Knowing nothing of the management world and itching for a change, any change, Esperian jumped out of the frying pan into the well-known fire. She went with Bill Garry Guerri at Columbia, whereupon she promptly got lost in another large company with a big roster. “He is a perfectly nice man, but I think they didn’t know me, or what I do, well enough. My career had been primarily in Europe and they had never heard me do my best things. And, frankly, I wasn’t hot. They had other people who were hot that they were pushing. I was with Columbia for two years. Two lost years. I am surprised that I stayed so long when nothing was happening. People were saying that I had retired. I believe in Destiny; it allowed me to be home with my son for two very important years, but it was a painful time. No one was calling to ask for me and I still had so much to give. My voice was coming back, and I believe I needed that removal from the stress.

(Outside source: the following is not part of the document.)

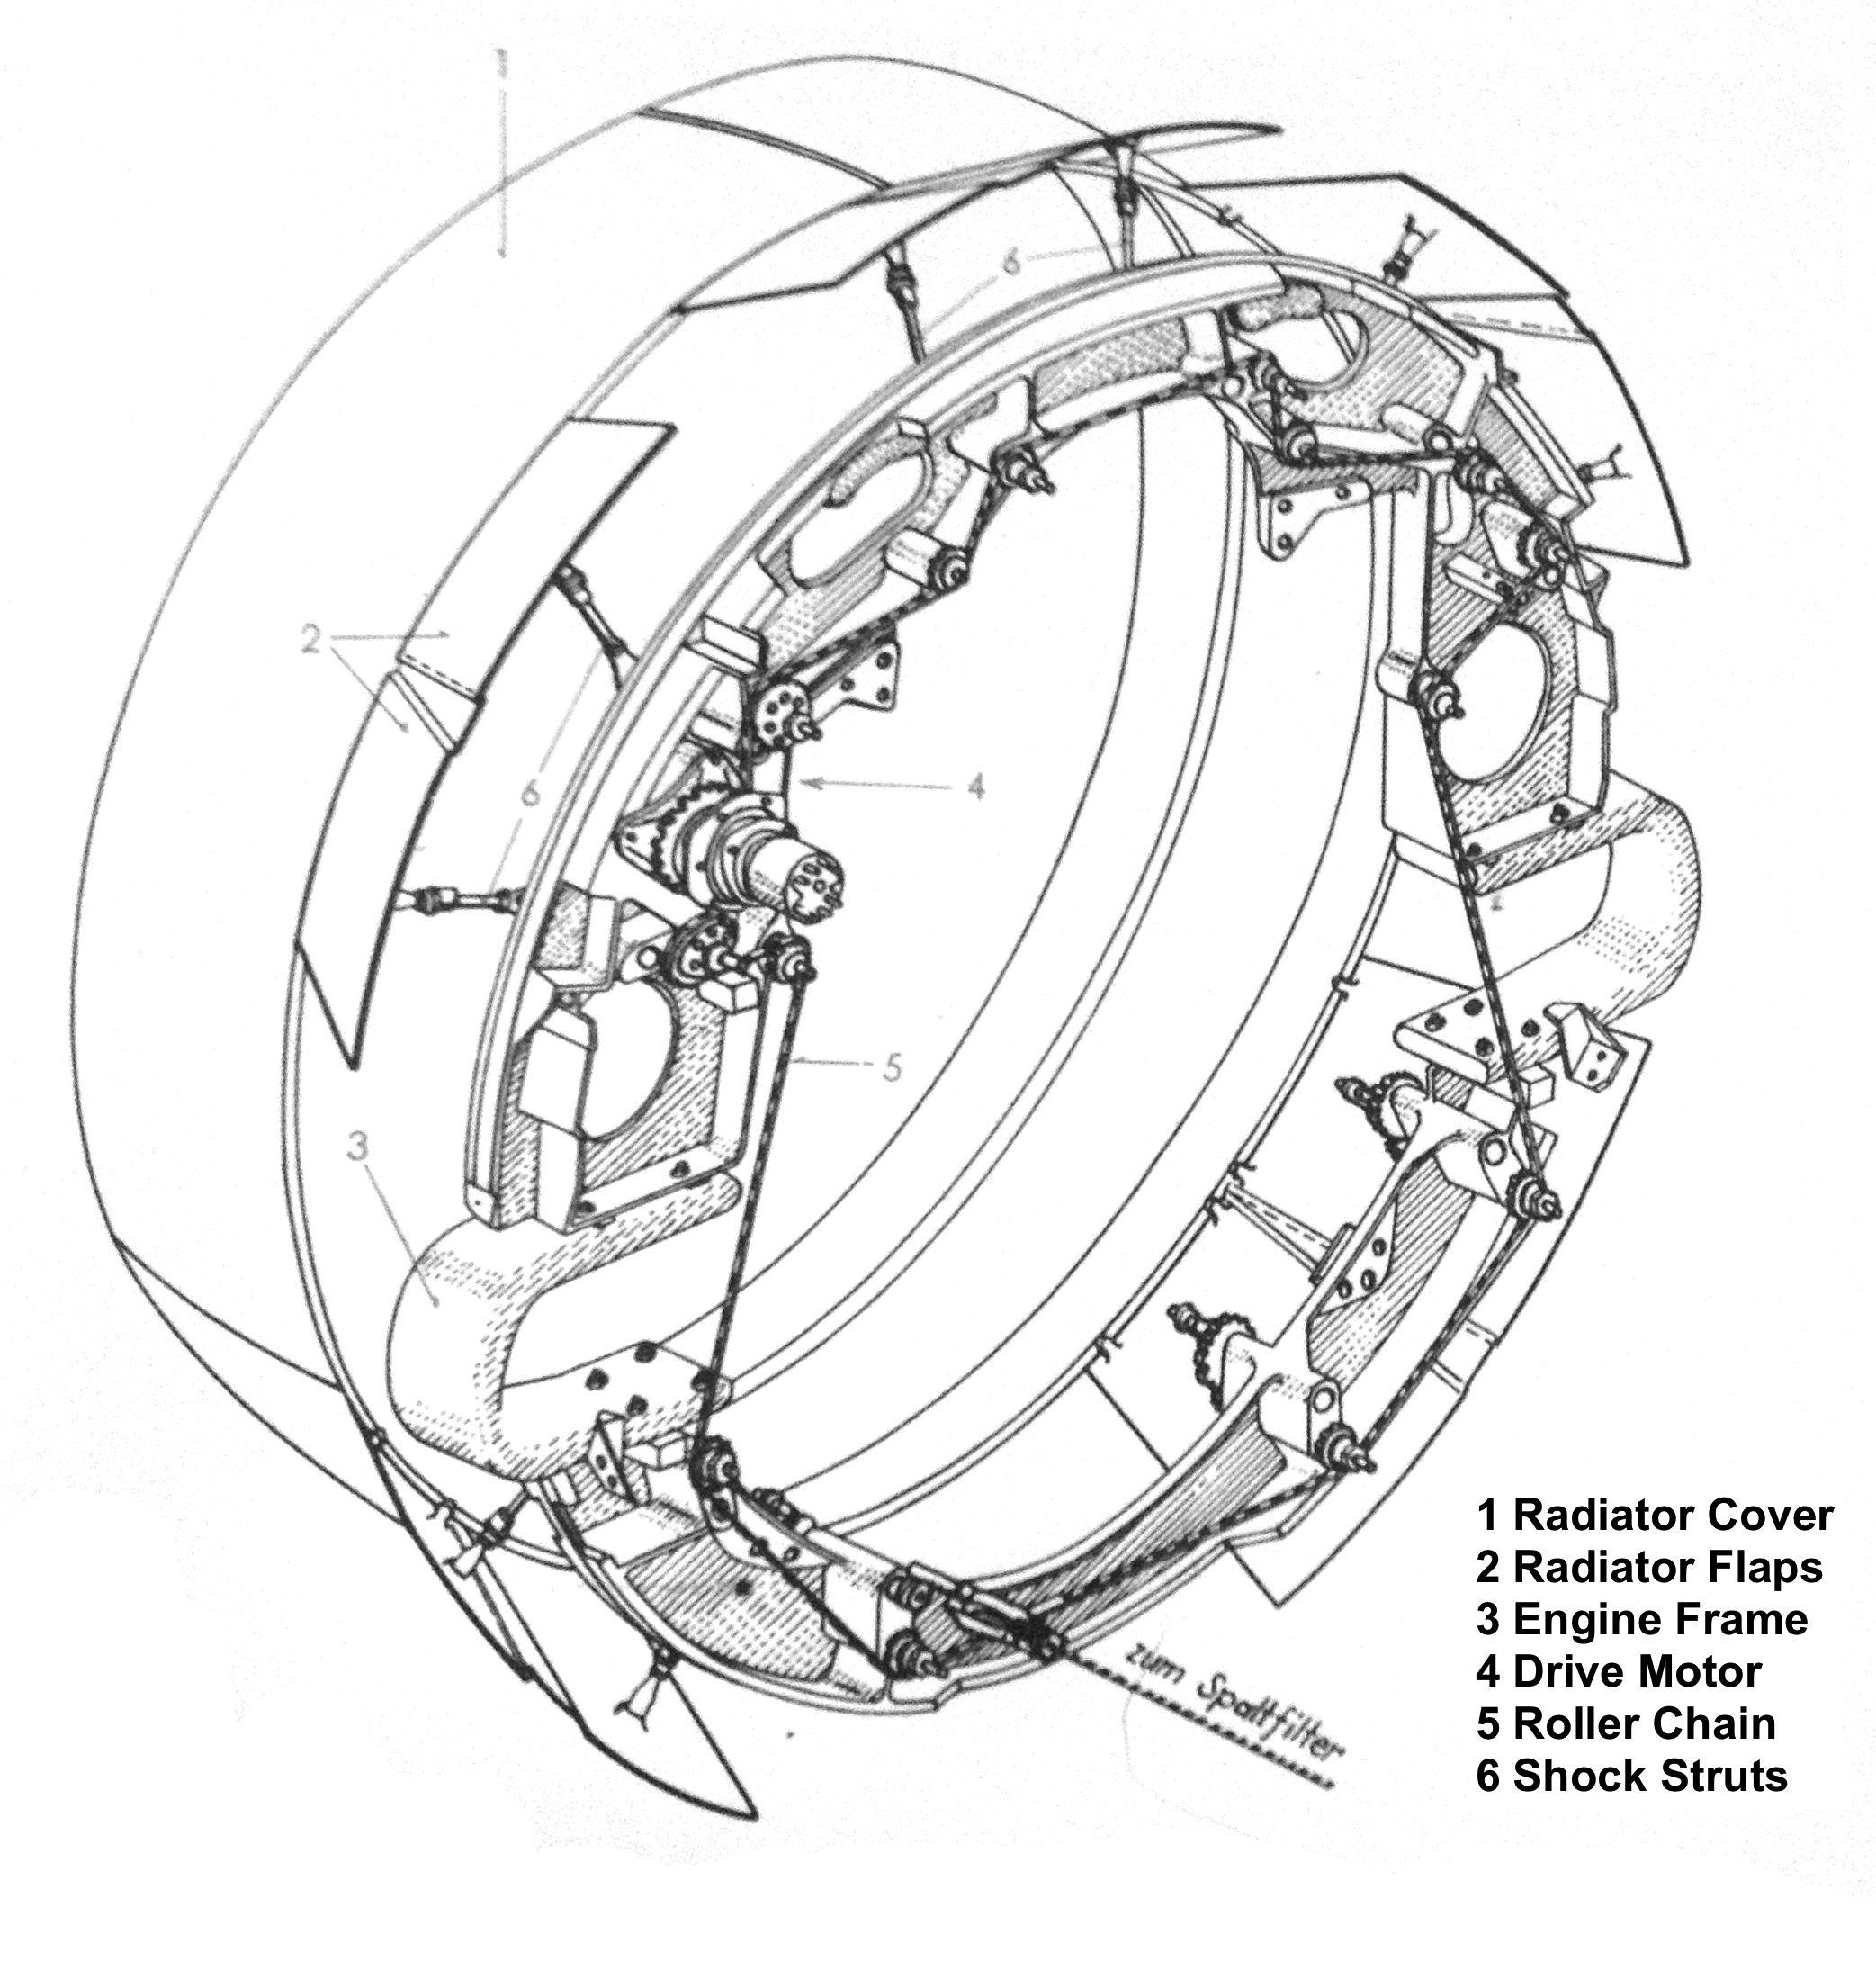 Nacelle Cowling Flaps Diagram Ju88

I needed to go back to my original joy in singing, the reason I wanted to do it in the first place. I was na•ve and I think that is a beautiful thing. It keeps your vulnerability intact. So, in a way, it was the best thing that could have happened.”

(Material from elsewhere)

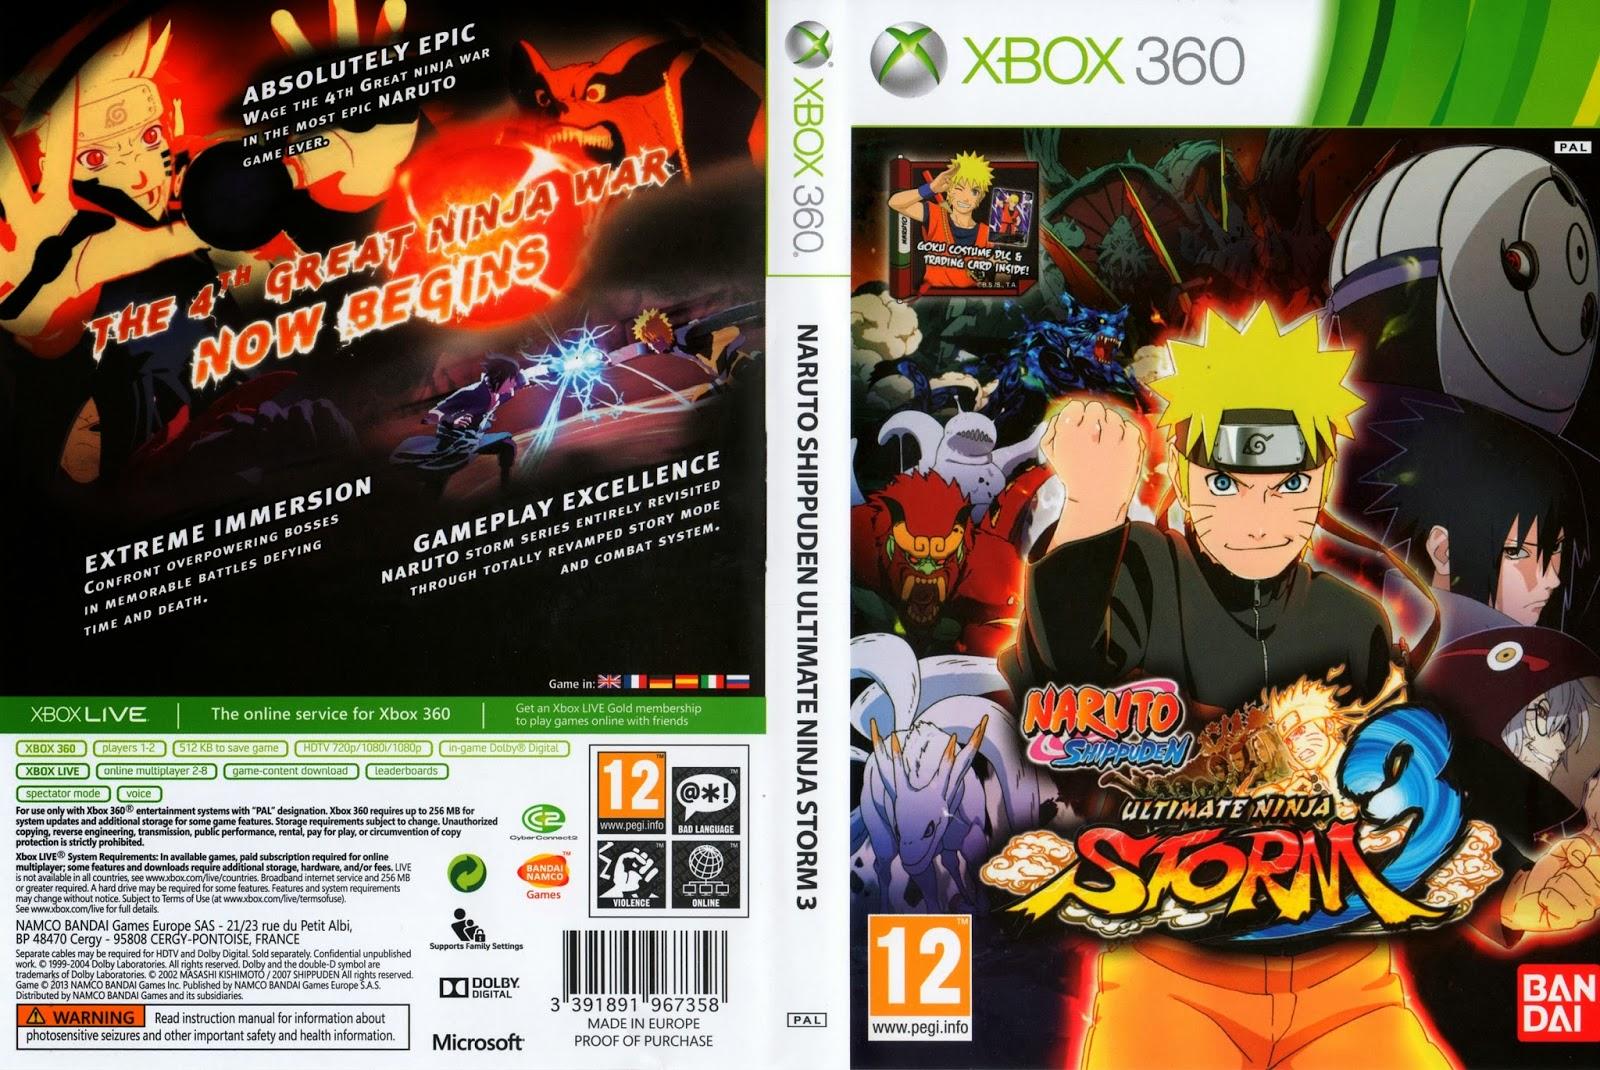 Naruto shippuden ultimate ninja storm revolution xbox360 - zamunda hızlı torrent

Esperian credits Tibor Rudas, the “Hungarian Barnum,” whom she terms “a very loyal man,” for keeping her afloat during the difficult years by sending her out on short tours with his “Three Sopranos” package. Her success in this venue made her all the more eager to resume her career full time; she knew that she had to get new management at once, and this time it had to be right. “I had met Matthew Laefer Laifer in Italy,” she recalls. “He was so nice to me and I could tell it was genuine. I also could see how hard he was working for his artists. At this time, I got a manager, hired a publicist and I found a voice teacher, Bill Schuman in the Ansonia. Again, someone was watching out for me. It’s like deja vu, but this time I feel ready, I feel reborn. It is such a high for me to be able to make the sounds that I always knew I could make. It is important to me not to let down the people who have believed in me and my talents.”

Alice Ford in Falstaff at Lyric Opera of Chicago began Kallen Esperian’s 1999-2000 season, which continued with her Dallas Opera debut as Rosalinde in a new production of Die Fledermaus. Just completed is a new Verdi role, Elisabetta in Don Carlo at the Bayerische Staatsoper under Zubin Mehta and soon to come is Gulnara in Il corsaro at the Athen Megaron, which will be televised.

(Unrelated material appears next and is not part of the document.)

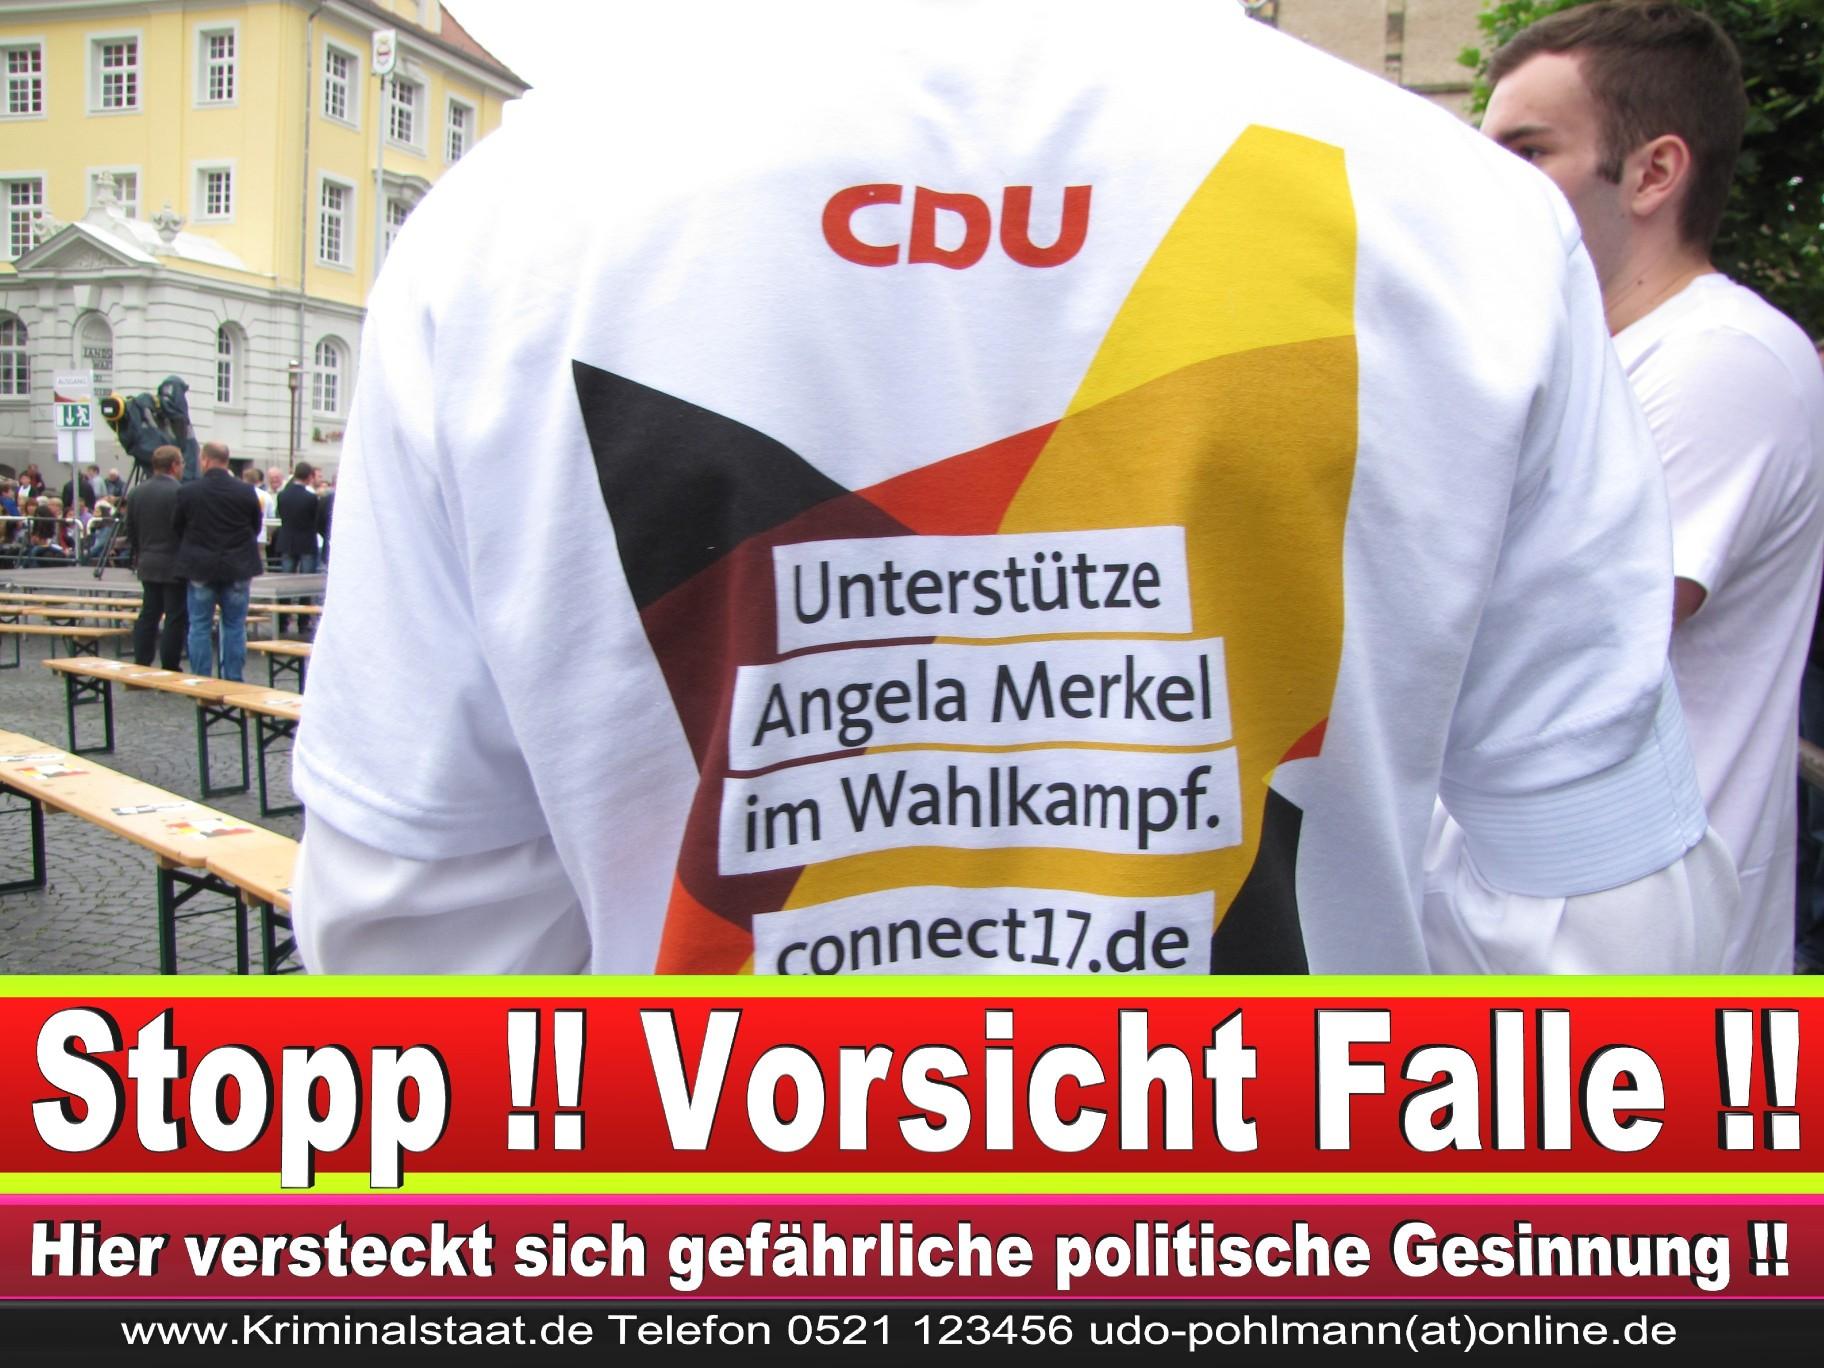 CDU HERFORD Kurruption Betrug Kinderpornografie Kinderpornos 17

In 2002 she adds two Puccini roles to her repertoire: Manon Lescaut and Madama Butterfly in Munich and Amsterdam. “I have been very lucky,” Esperian says fervently. “If my career were to halt now, I could look at the things that I have been able to do, the people I have performed with and know I’ve been blessed. I feel like Cinderella! These things are amazing to me. I remember watching Placido sing Otello on TV when I was in college and never dreaming that one day it would be me. What are the chances of that? You’ve got to follow that dream and cherish every moment of it. Enjoy it. Try not to get so bogged down in the politics and the stress and nerves of the business that you forget to enjoy the singing.”